Discover Triathlon Running Knowledge
Triathlon Disciplines: Triathlon Running
Running is the last of the three disciplines in a triathlon and therefore has a special place in the race. In triathlon we often hear the term, “bike for show, run for dough”, due to the critical part it generally has in the outcome of the race. By the time the run portion of the event comes around, many triathletes are already exhausted from swimming and cycling and have to mobilize their last reserves. Therefore, experienced triathletes in particular train with this circumstance in mind. The combinations of endurance and strength is the most important factor for a successful finish in the running leg of the triathlon. Ideally, triathlon running training therefore takes into account the fact that the running leg takes place at the end of the triathlon and to meet these circumstances often includes long endurance running workouts. It’s also helpful in triathlon training from time to time to train the specific transition from cycling to running to replicate conditions similar to those in a race. In the following we will go into detail about the general differences in different triathlon running workouts and their characteristics, and we will also try to get you familiarized with running fundamentals and give you a good start with the most important general information about running in a triathlon.

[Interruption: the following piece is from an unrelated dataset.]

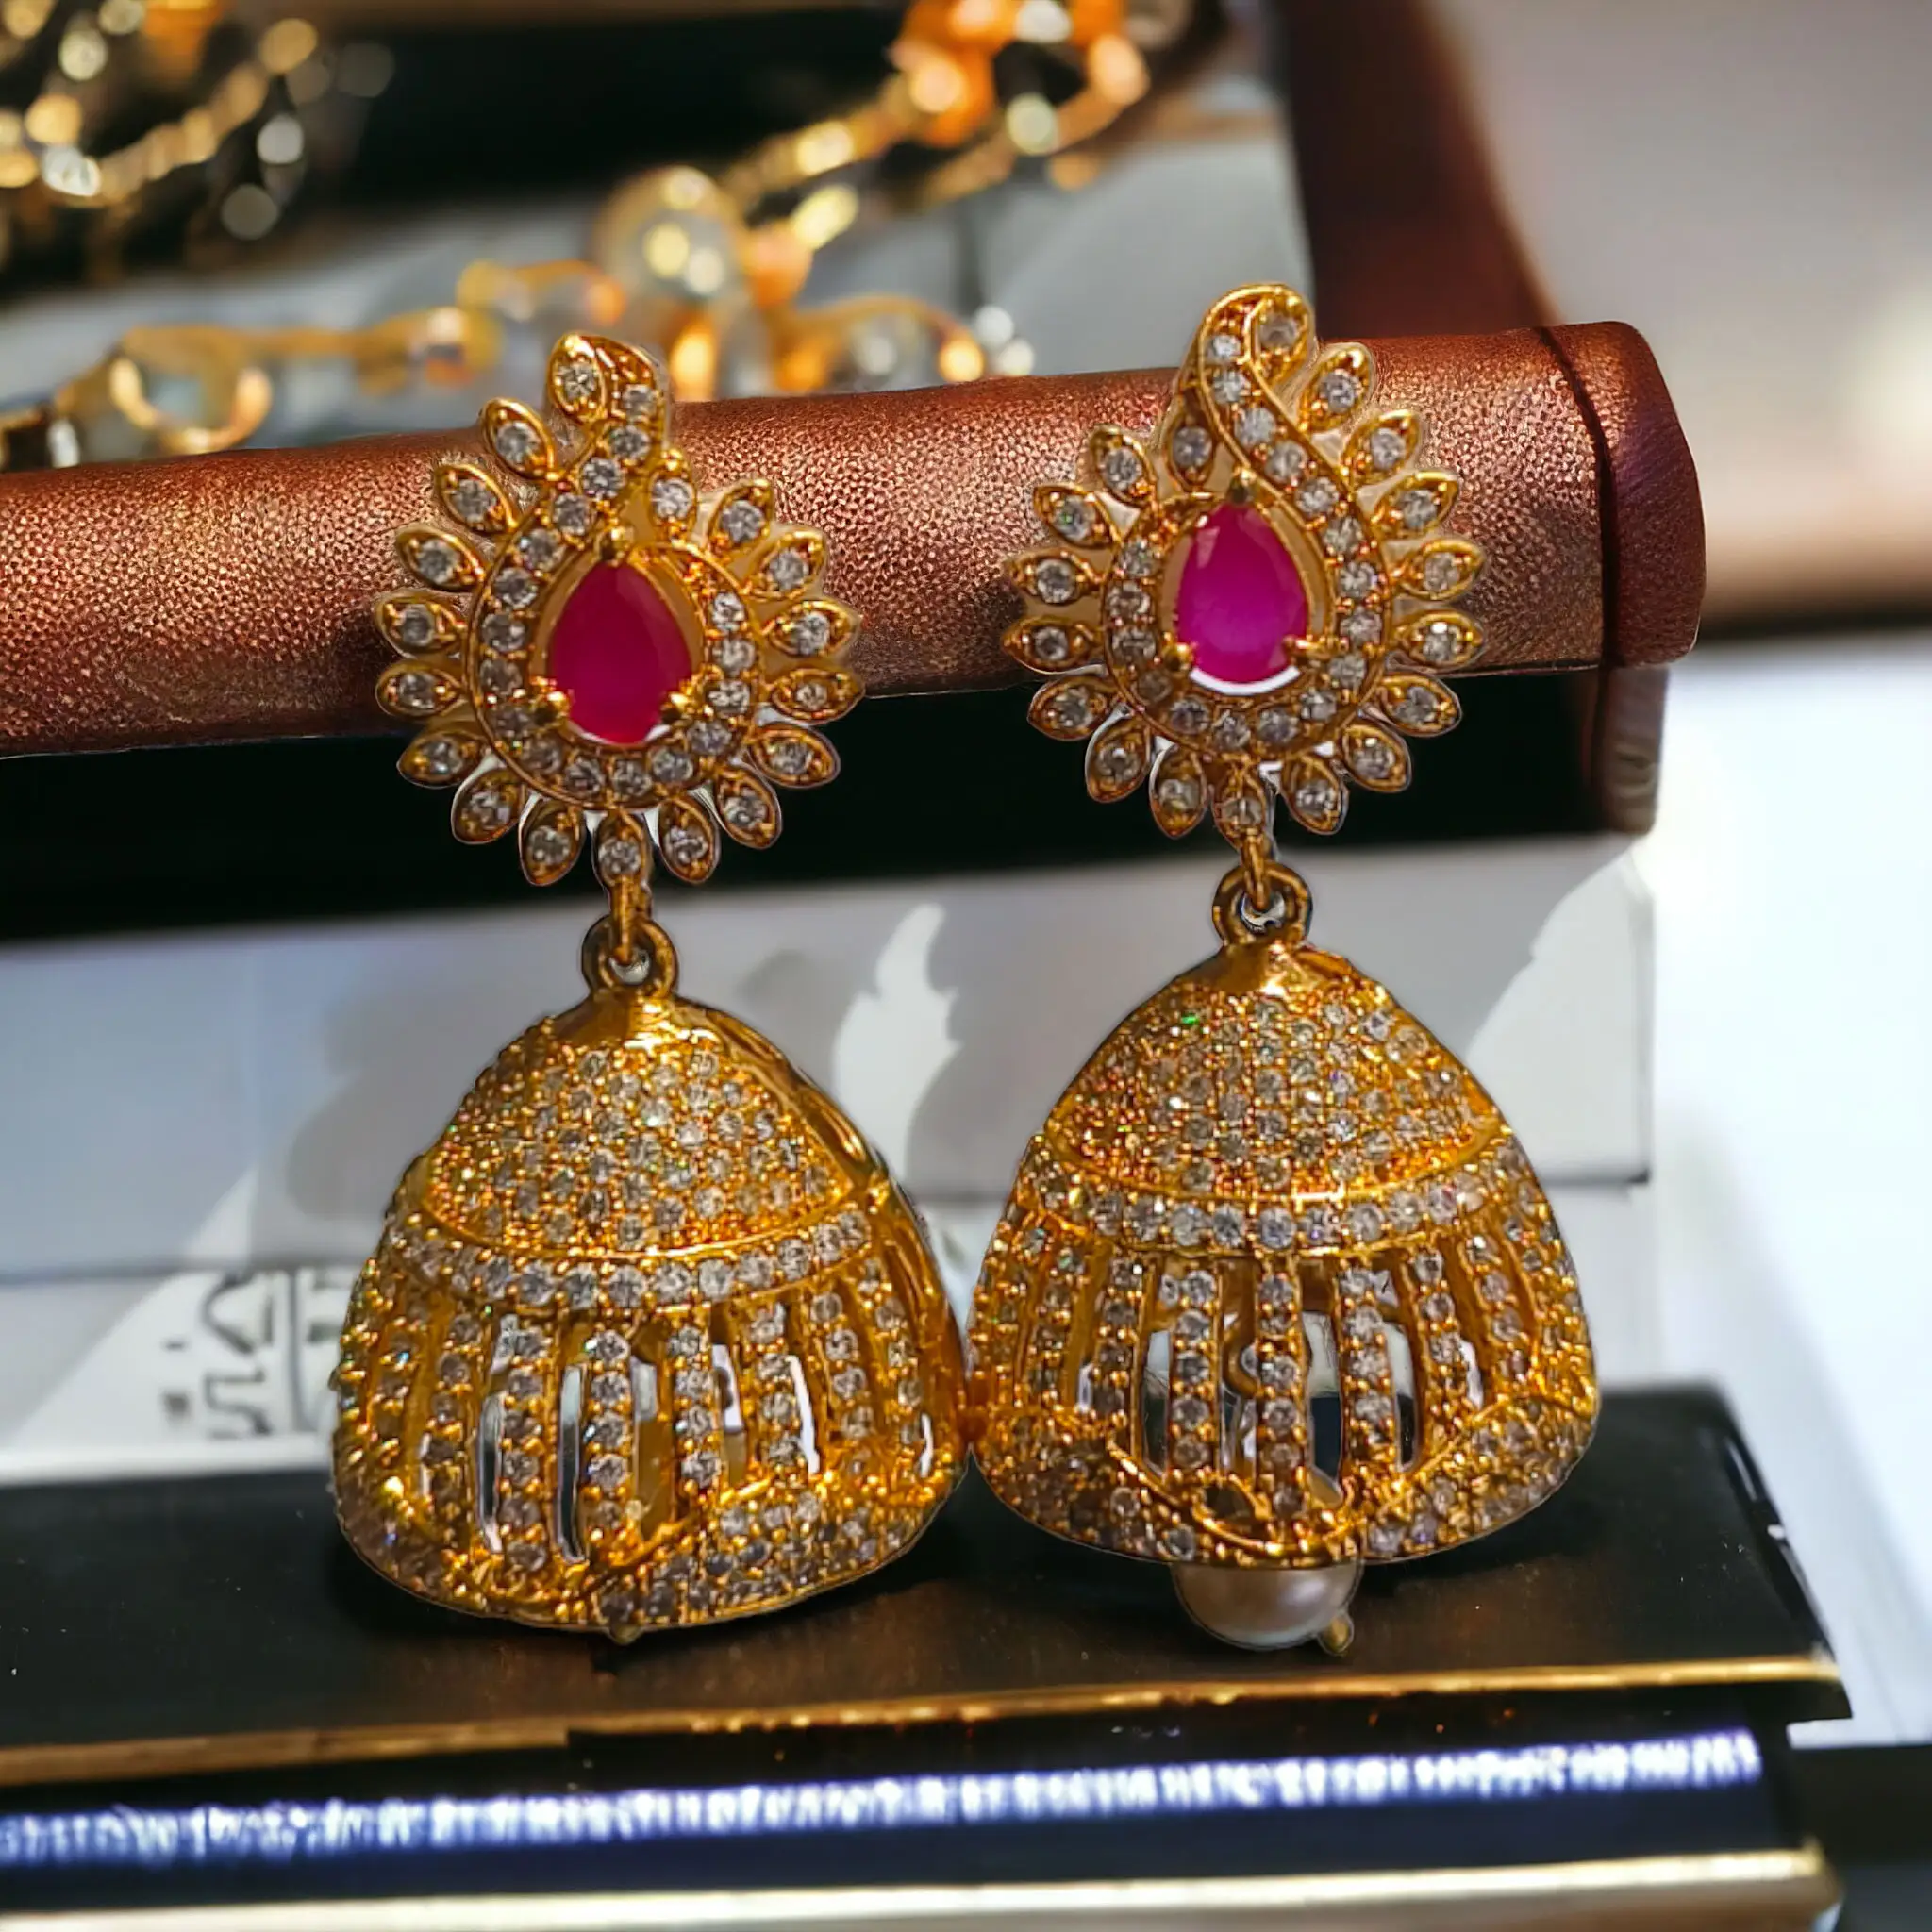 Fornecedor de joias indiano fabricante de brincos para mulheres Bollywood ouro tonalidade pavão pendurado Chandbali Jhumka

Running Training for a Triathlon - Running Workouts for Each Skill Level
Triathlon running workouts are anything but simple and easy. They are workouts where you run mile after mile, often four or more times a week. The goal of running workouts for a triathlon should be to get ready to successfully complete the course, but this should quickly evolve into completing it in a certain amount of time and with a certain amount of effort. Efficiency is key! So don't think that for a good triathlon running time it's enough to focus on endurance running workouts and just repeat your standard 5k and 10k training plan over and over again. Simply, you need to run faster while your heart beats slower. For this reason, triathlon running workouts involve five core aspects: endurance, strength, speed, technique and aerobic foundation. These five aspects of triathlon running training should be targeted in every triathlete's training and adapted according to skill level and triathlon distance.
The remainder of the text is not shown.